In determining the question before us and in interpreting the legislature's intent in the passage of PA 1952, No 183, we cannot presume that the legislature intended to enact an unconstitutional law. This principle has been adopted in Alaska Packers Assn. v. Commission, 294 U.S. 532 (55 S. Ct. 518, 79 L ed 1044), and in Whitney v. California, 274 U.S. 357 (47 S. Ct. 641, 71 L ed 1095). And, in Rouse, Hazard & Co. v. Wayne Circuit Judge, 104 Mich. 234 (27 LRA 577, 53 Am St Rep 457), this Court adopted that principle when we said (p 239):

"`The power of declaring laws unconstitutional should be exercised with extreme caution, and never where serious doubt exists as to the conflict. In cases of doubt, every possible presumption, not clearly inconsistent with the language and the subject matter, is to be made in favor of the constitutionality of the act.'"

*674 It is the opinion of this Court that by the enactment of PA 1952, No 183, § 5e (CLS 1952, § 450.305e [Stat Ann 1953 Cum Supp § 21.208(5)]), the legislature gave to the commission the right and duty to apply a method of determining Gartland's tax "calculated to effect a fair and proper allocation according to the receipts, activity, business and capital reasonably attributable to this State."

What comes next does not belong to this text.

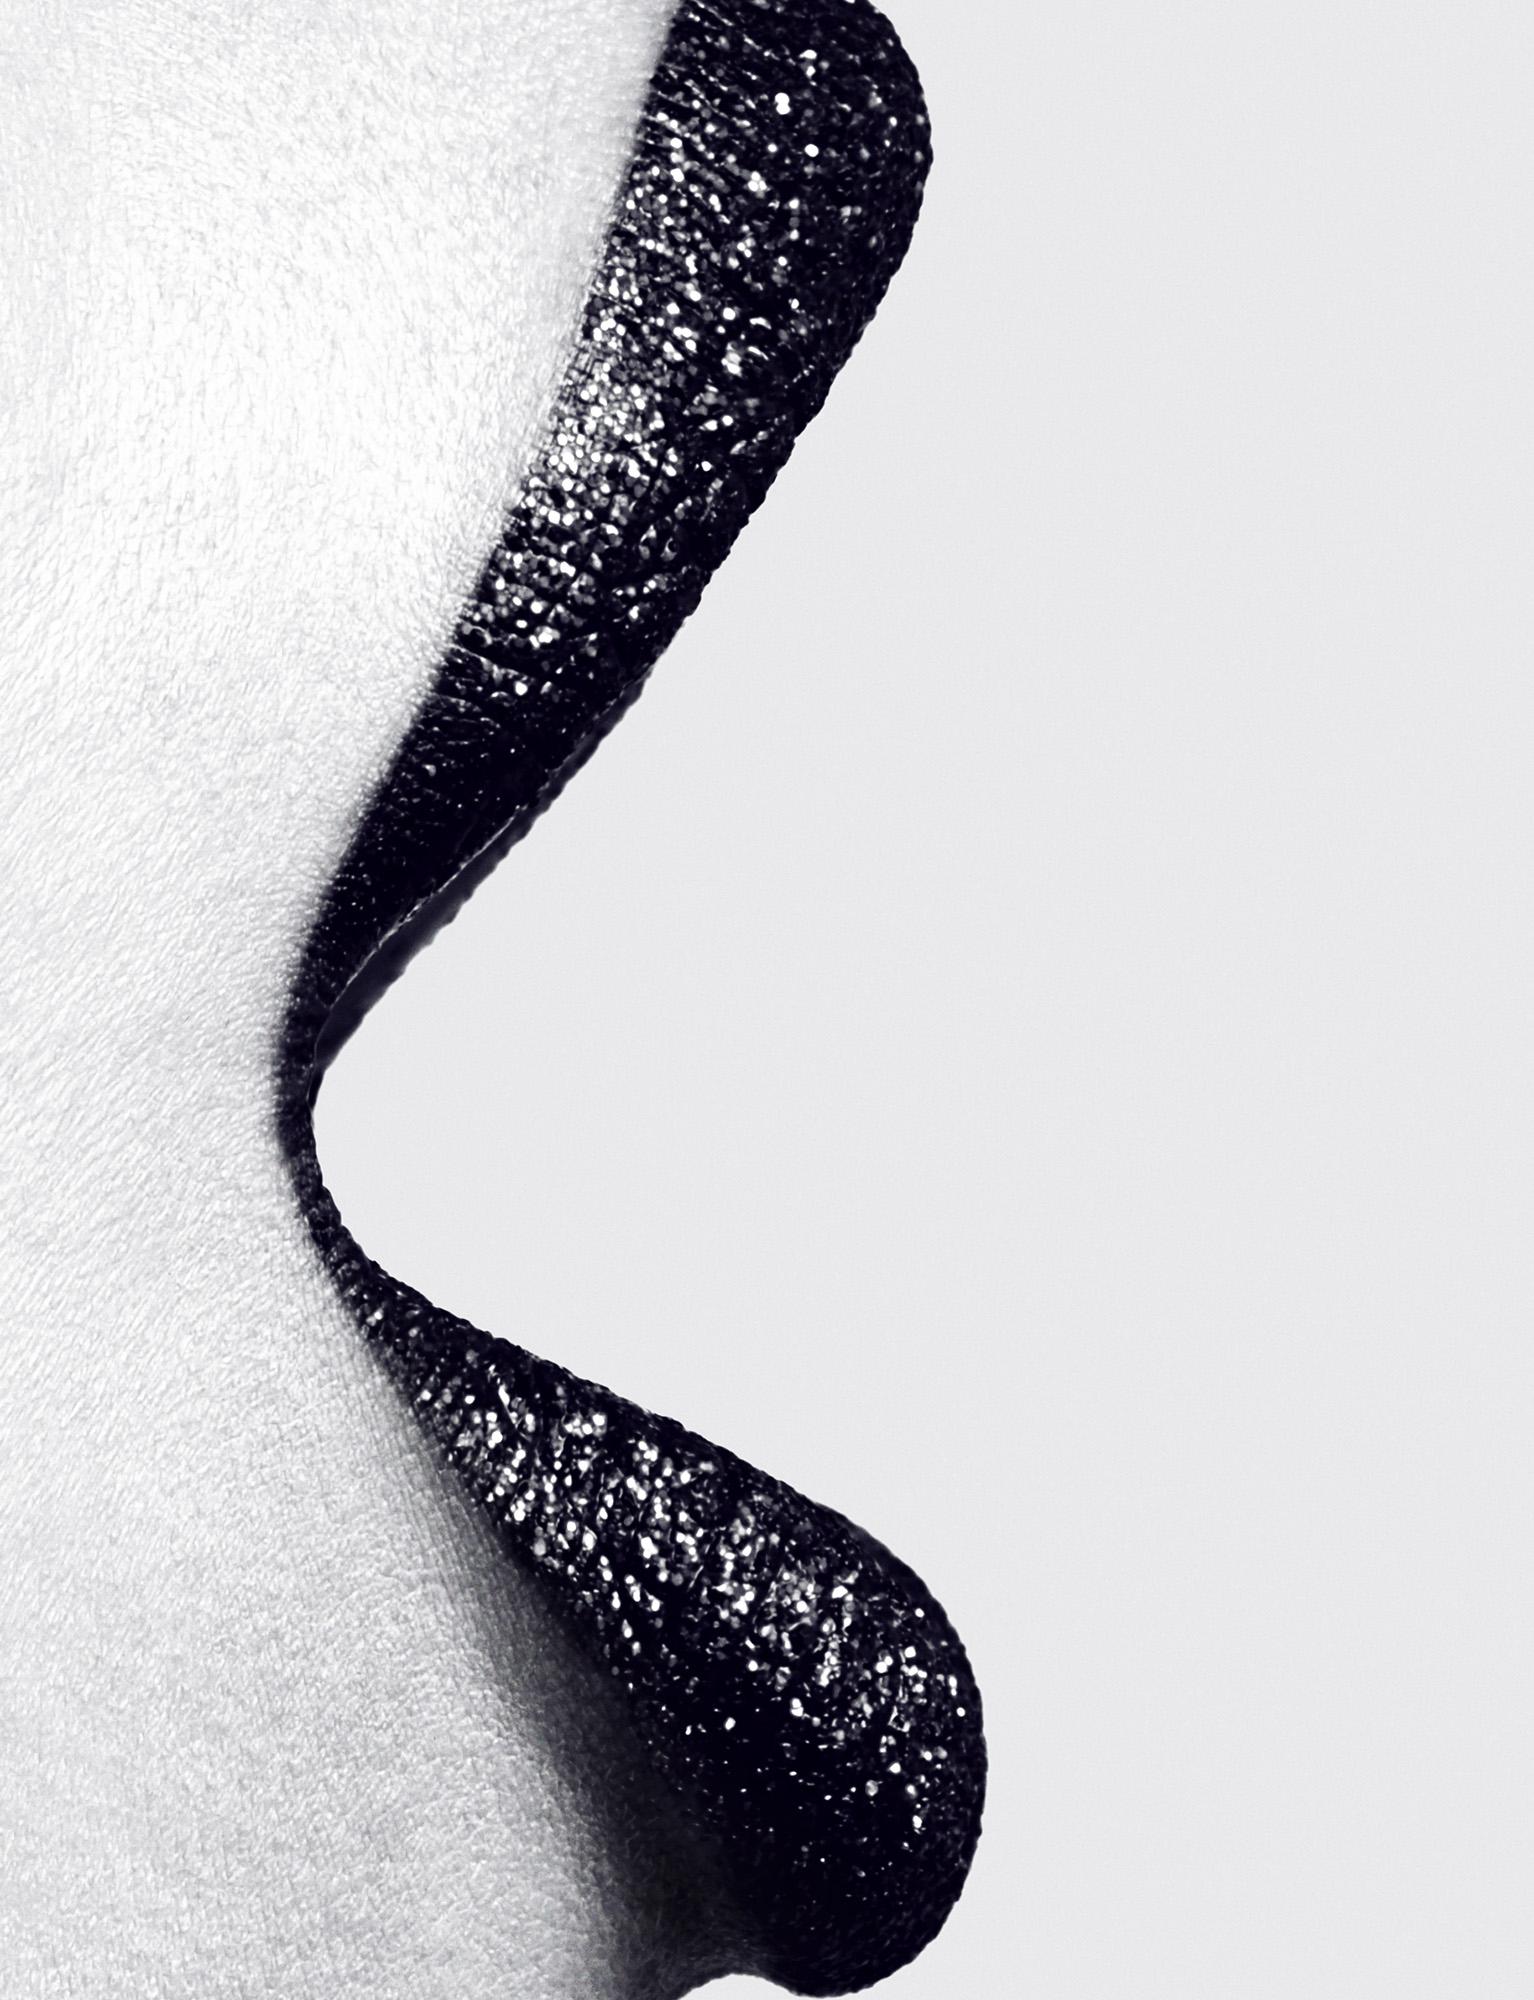 Miguel Riveriego - Ashley Graham image

The order and opinion of the corporation tax appeal board affirming the computation of the commission is reversed, and the commission is directed to recompute the annual privilege fee of Gartland Steamship Company, a Delaware corporation, excluding any and all cargoes transported in interstate and foreign commerce.

No costs, a public question being involved.

BUTZEL, C.J., and CARR, BUSHNELL, SHARPE, BOYLES, REID, and DETHMERS, JJ., concurred.